ADNOC, the chief source of the Government's revenues, will export four major crude streams in October at 15 per cent below normal levels, a jump from minus 19 per cent in September, according to a monthly notice sent to refiners. OPEC, the 12-member oil exporters' group, will hold a regular meeting on September 9 in Vienna to decide whether the limits should be amended. The increase for October was a sign that the Abu Dhabi Government would probably oppose further cuts, said Robin Mills, an oil economist based in Dubai.

"2008 skews our perception," Mr Mills said. "We're still at an all-time price high. You've got to be realistic about what kind of price you're demanding." Oman sour crude, traded on the Dubai Mercantile Exchange, closed on Friday at US$71.44, while US crude traded in New York stood at $72.74 a barrel, down 36 per cent compared with a year ago.

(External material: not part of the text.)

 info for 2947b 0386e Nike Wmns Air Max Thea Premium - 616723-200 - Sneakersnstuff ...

Prices are now within the $70 to $75 range, described in March as a "fair price per barrel" by Sheikh Khalifa, President of the UAE. King Abdullah of Saudi Arabia has said $75 would be a fair price.

ADNOC, which pumps nearly all of the UAE's oil, does not disclose timely output figures so the monthly notice, called a nomination cut, is widely seen as the best measure of the country's production plans. In July, the latest month for which production numbers are available, ADNOC set its nomination cut for all four crude streams at 18 per cent below normal, and the UAE pumped an average of 2.24 million barrels per day (bpd), according to secondary sources cited by OPEC.

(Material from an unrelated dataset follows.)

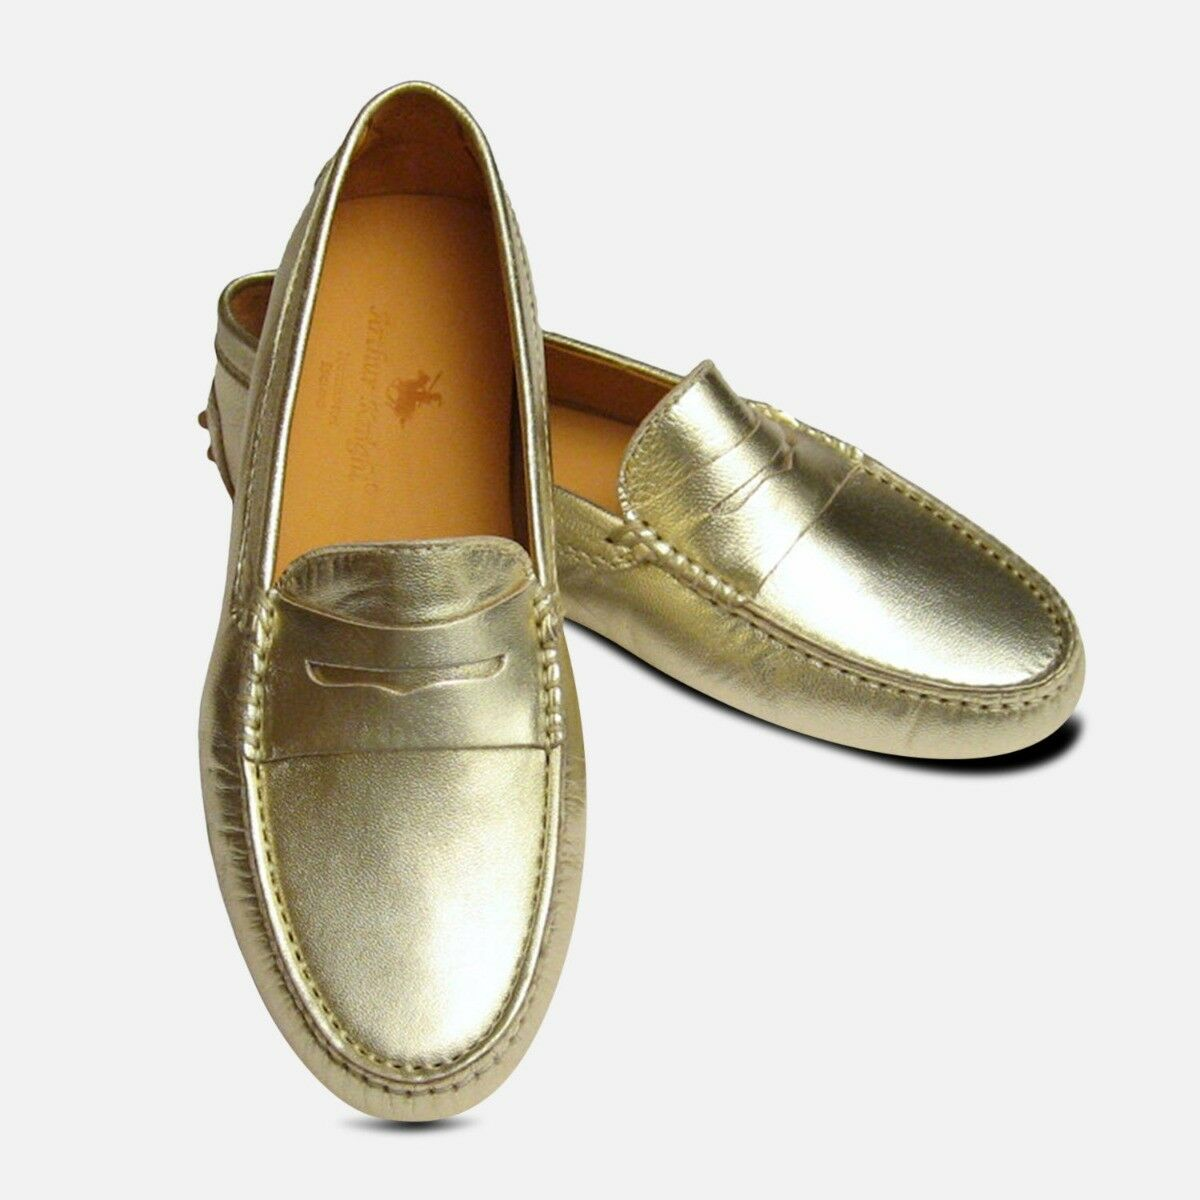 Or Métallique Cuir Arthur chevalier Femme Driving chaussures

The country can sustainably pump 2.85 million bpd, according to estimates by the International Energy Agency. At the end of last year, as oil prices sank close to $30 a barrel, OPEC members pledged to reduce total output by 4.2 million bpd compared with September 1 output levels, a move met with record compliance from member states and widely credited with helping to stabilise prices. But as prices rise, compliance will continue to weaken among the Gulf states, which have led the group in adherence to quotas, Mr Mills said.

"There's a temptation to start ignoring the quota a little bit," Mr Mills said. "We're definitely seeing weaker OPEC compliance with the cuts. The last number I saw was something like 70 per cent, compared to 80 per cent earlier this year." OPEC was unlikely to deepen cuts at its next meeting, but would also be careful about rolling back current limits, Mr Mills said. Kuwait also signalled yesterday that it would oppose an additional production cut. Economic recovery in Asia could support prices at current levels, and producers were fearful that a spike in prices could harm the global economy, said Imad al Atiqi, a member of the country's supreme petroleum council.

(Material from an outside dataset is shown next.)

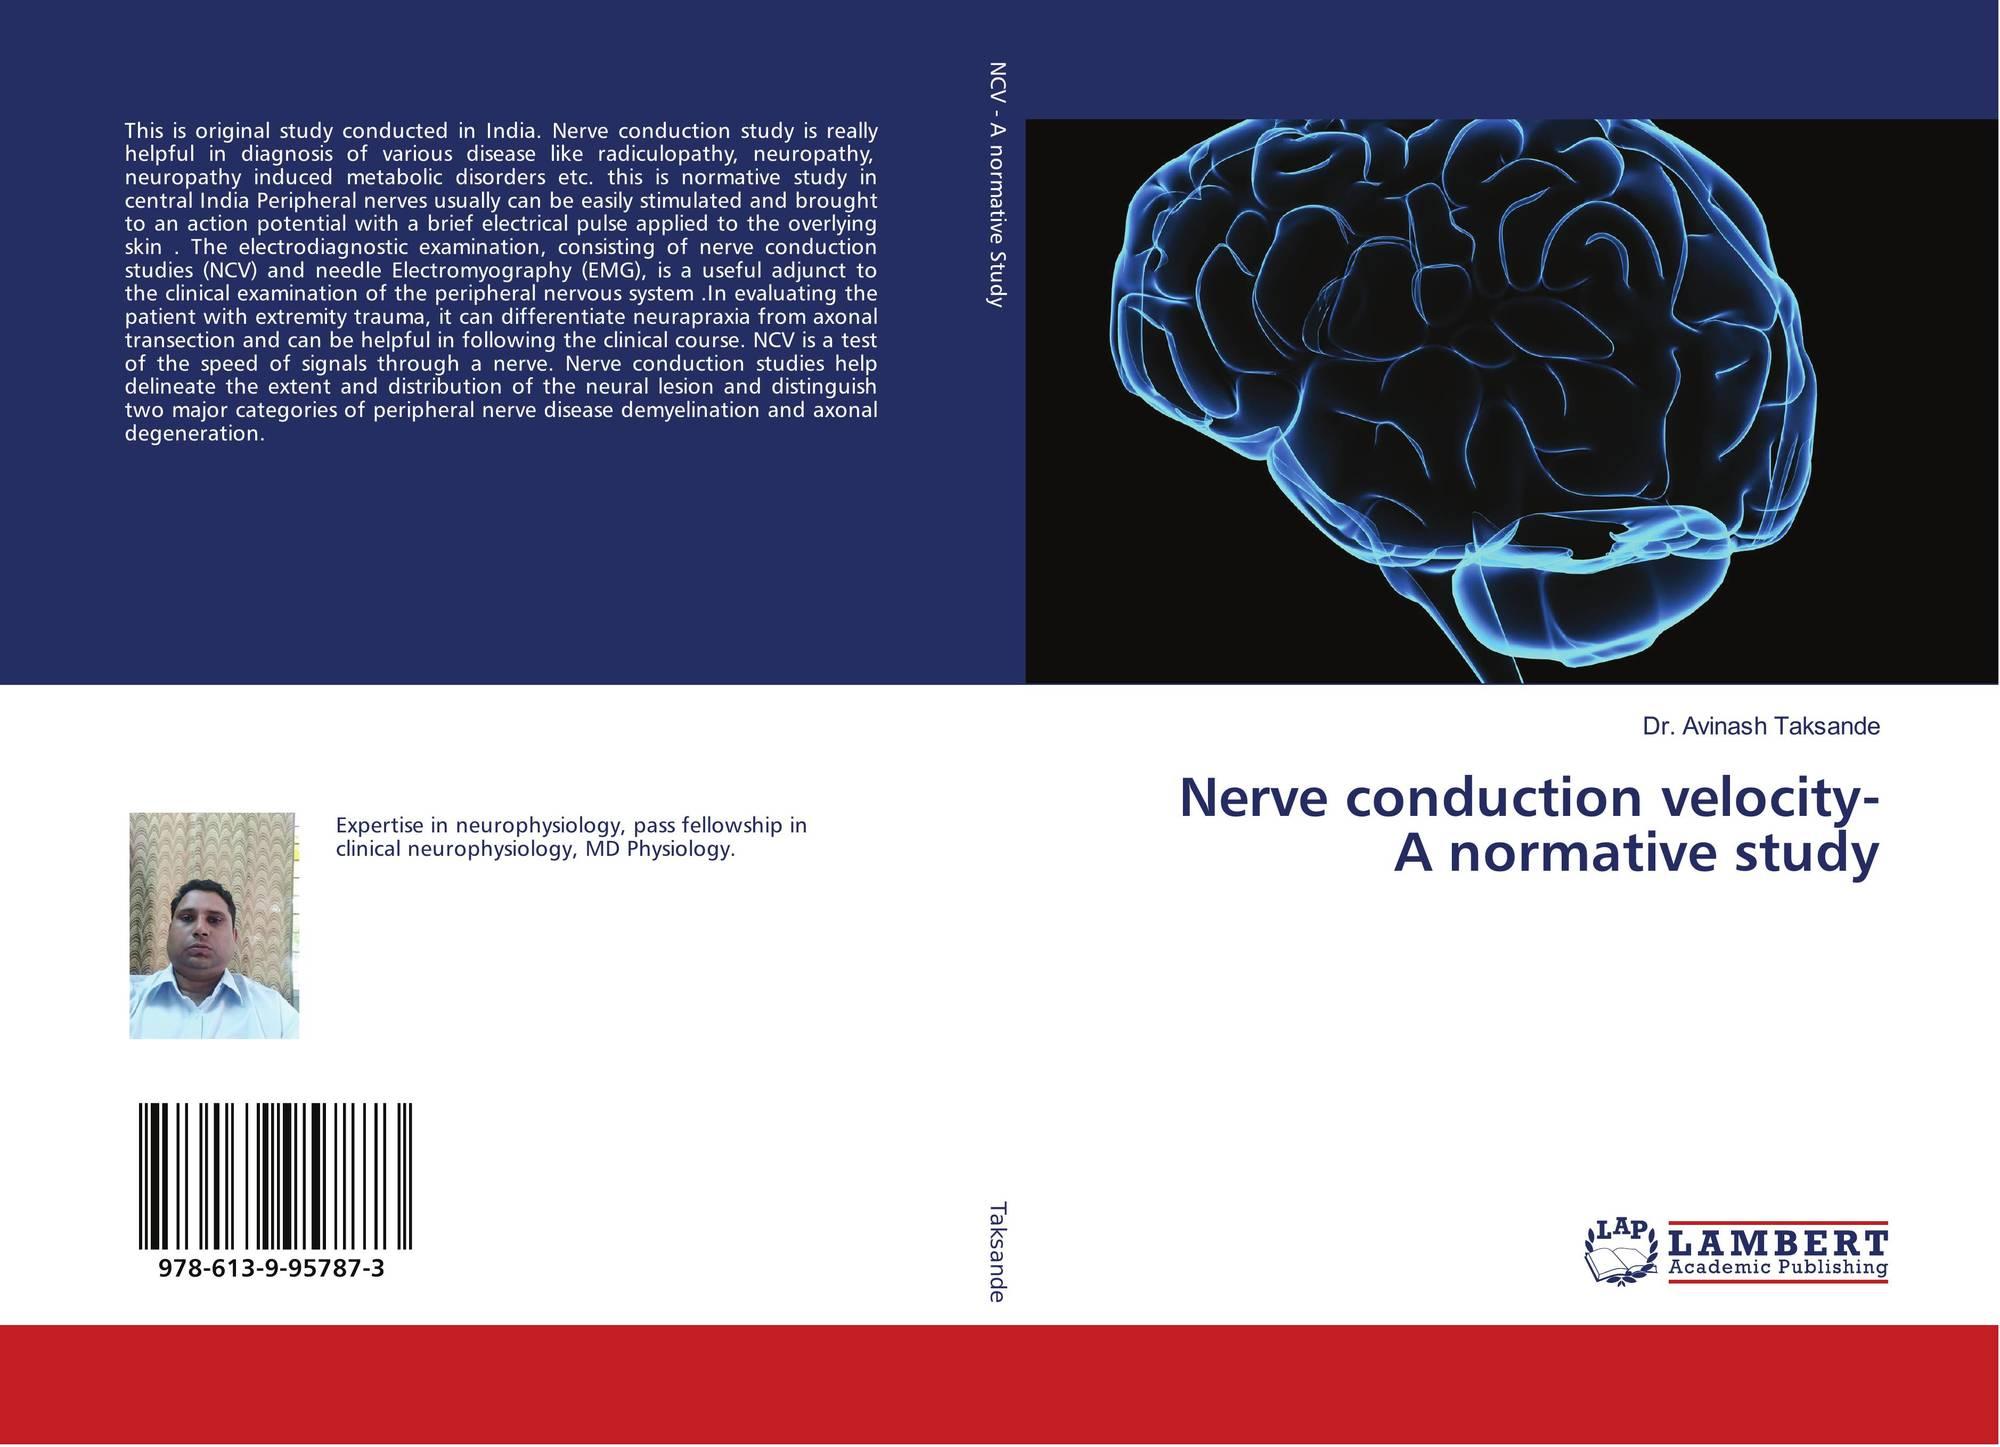 Nerve conduction velocity- A normative study, 978-613-9-95787-3

"OPEC are unlikely to cut," Mr al Atiqi told Zawya Dow Jones. "There's now an economic recovery in consumer countries like China, India and the Far East, so this is likely to continue to support prices. "The internal consumption by OPEC countries is also a growing factor, which is often not considered. Their consumption is eating into their exports." Mr al Atiqi said he would favour reducing current curbs on output if prices hit $100 a barrel.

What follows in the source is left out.